■ **GIVEN MATERIAL**:
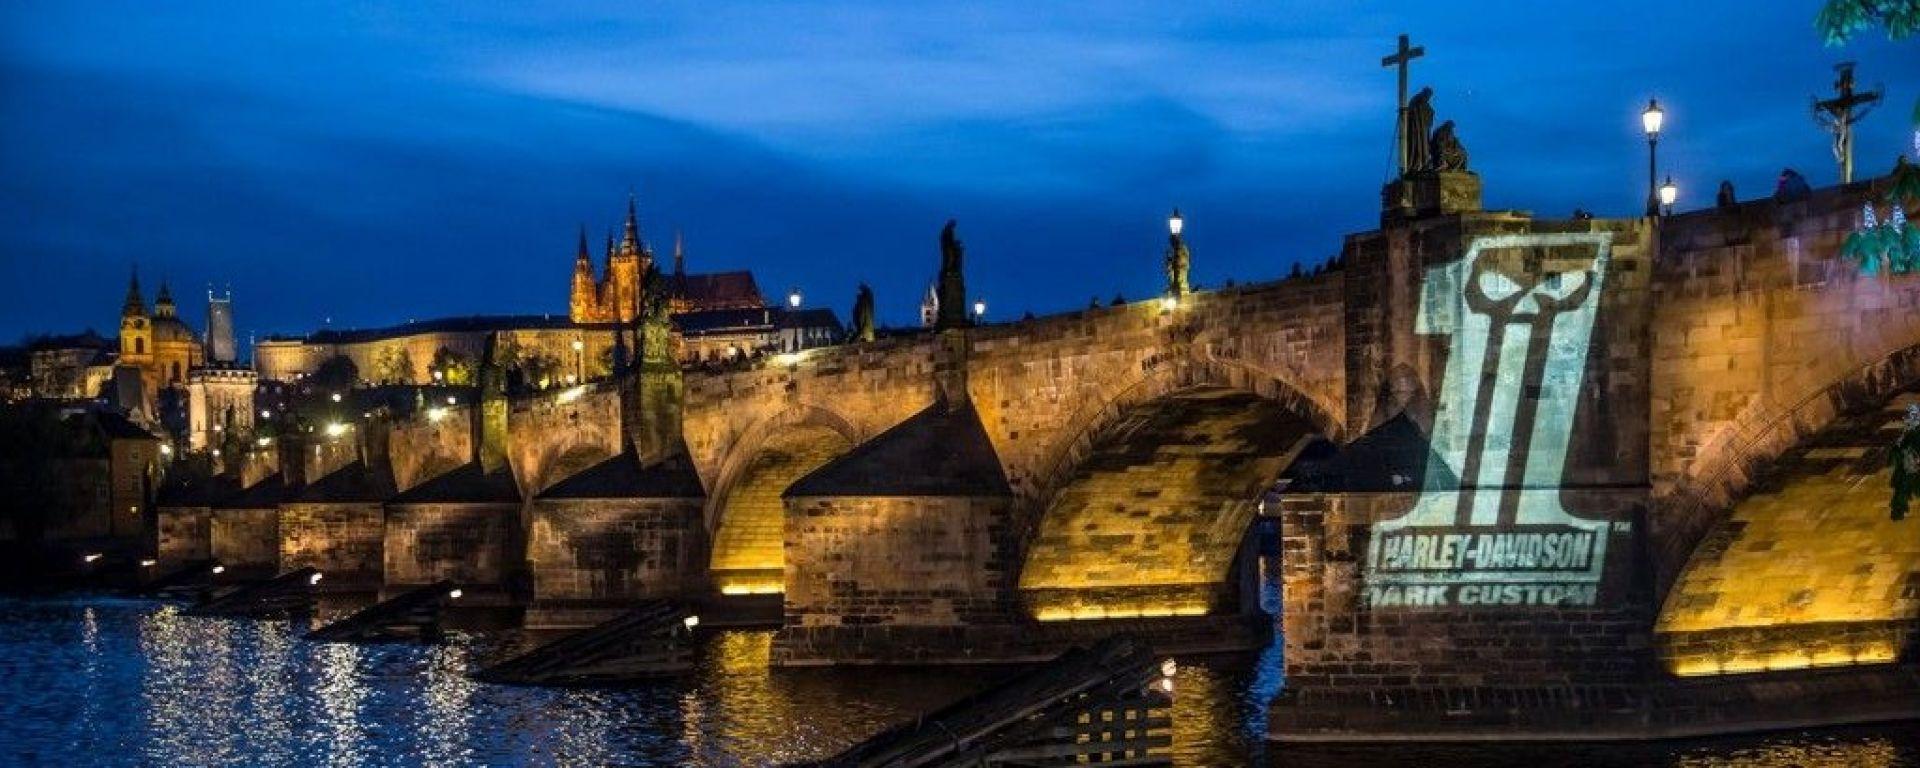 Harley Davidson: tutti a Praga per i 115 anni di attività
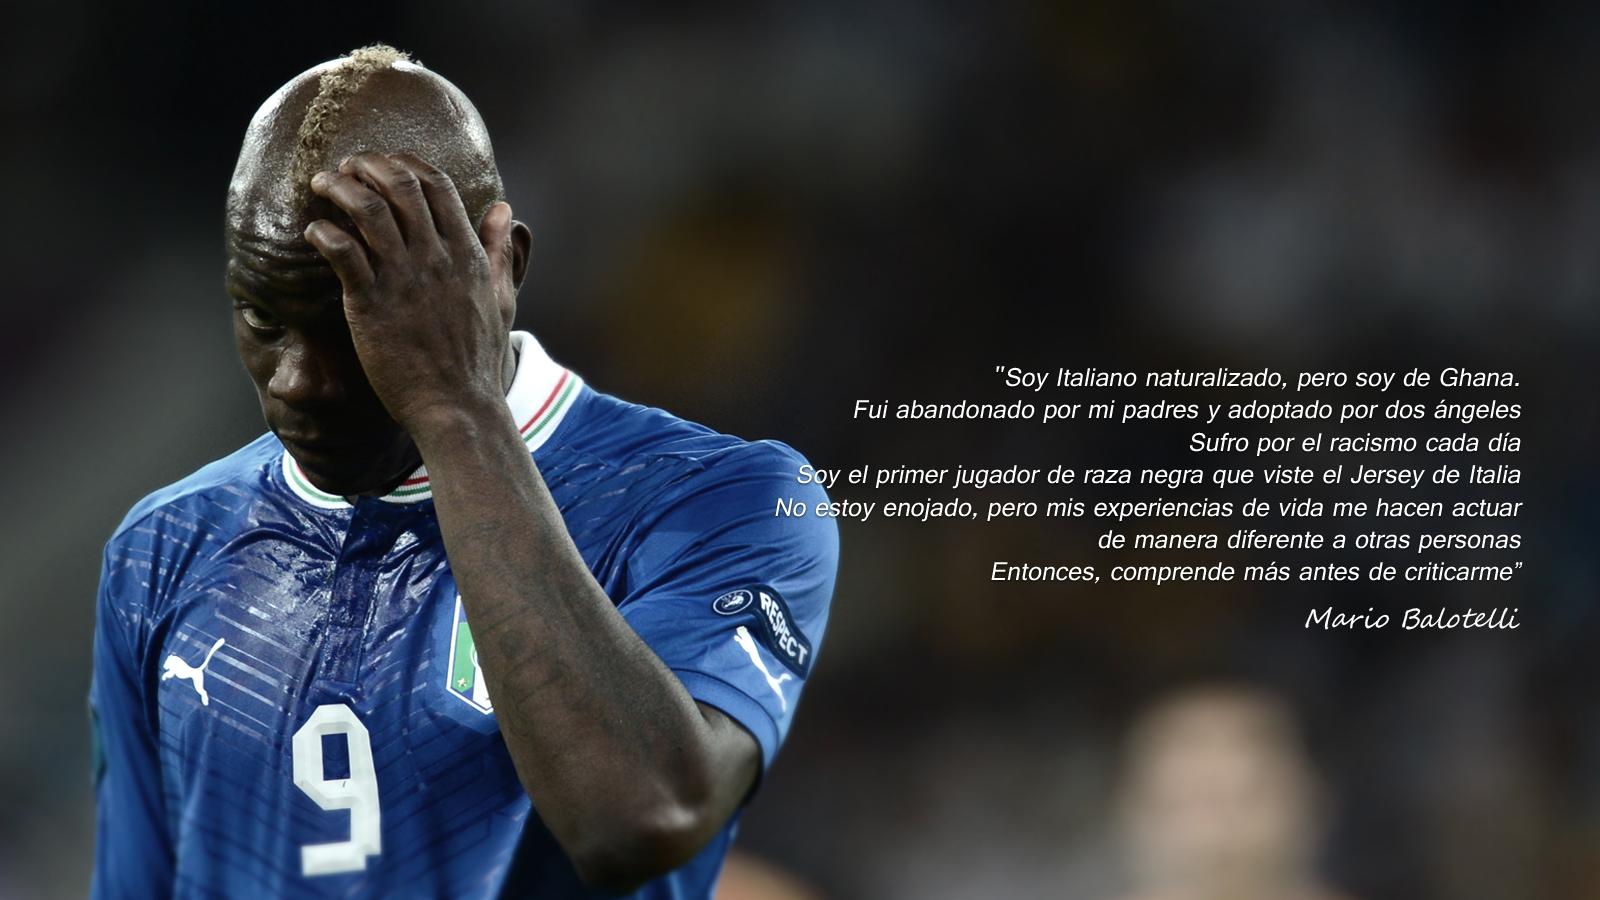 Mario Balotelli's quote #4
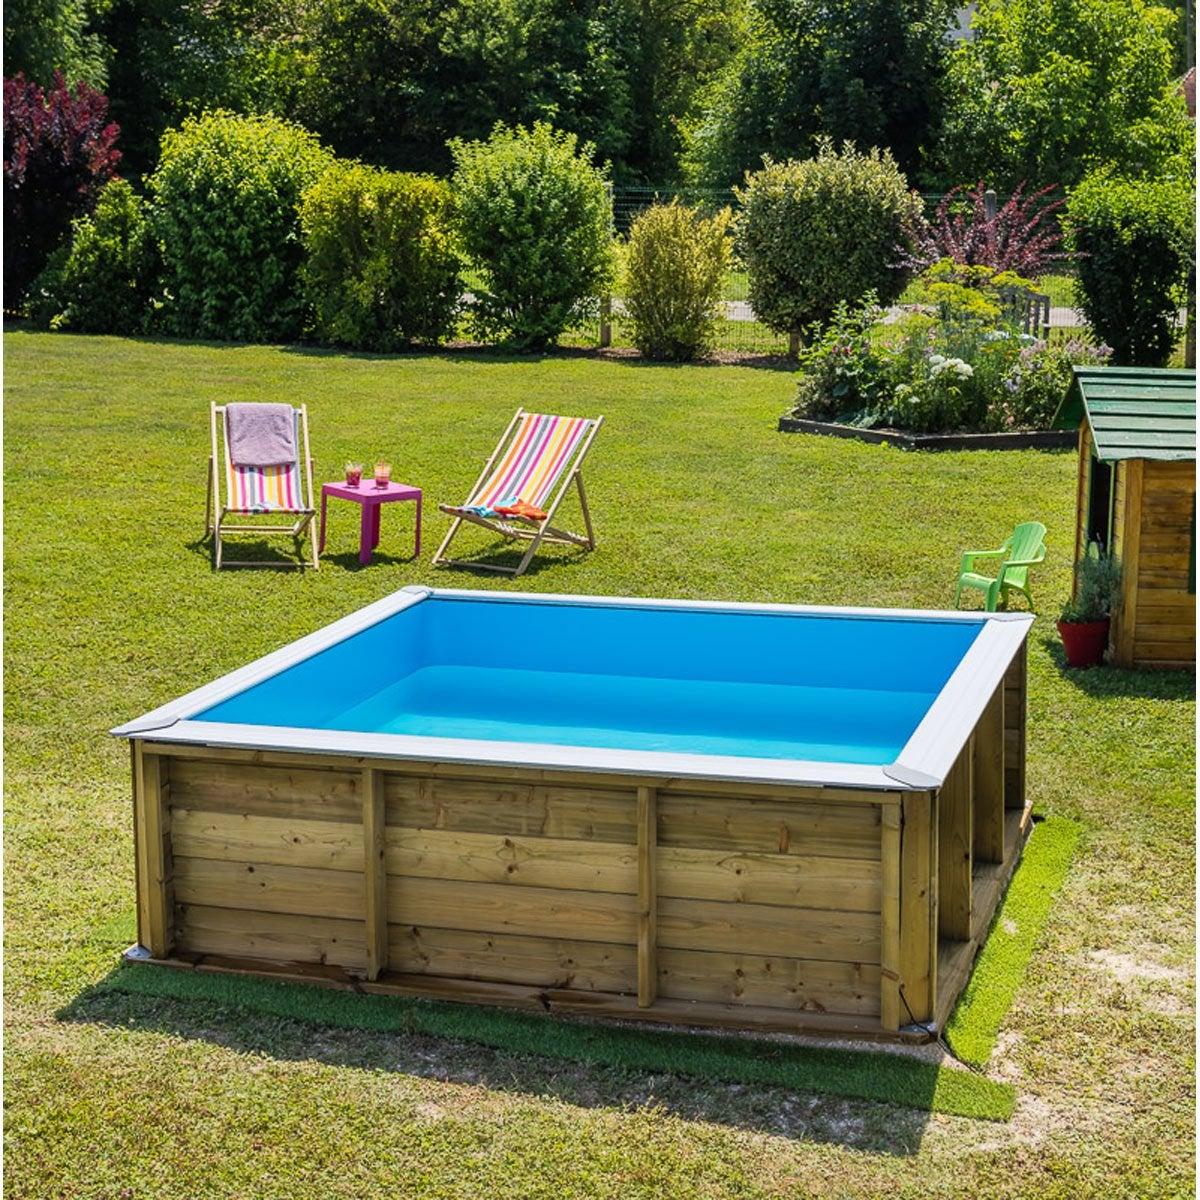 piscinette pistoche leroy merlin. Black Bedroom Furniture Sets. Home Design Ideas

■ **PROBLEM**: Your task is an exact transcription of all the data, minus the pictures.

■ **RESPONSE TO THIS TASK**:
 Harley Davidson: tutti a Praga per i 115 anni di attività
 Mario Balotelli's quote #4
 piscinette pistoche leroy merlin. Black Bedroom Furniture Sets. Home Design Ideas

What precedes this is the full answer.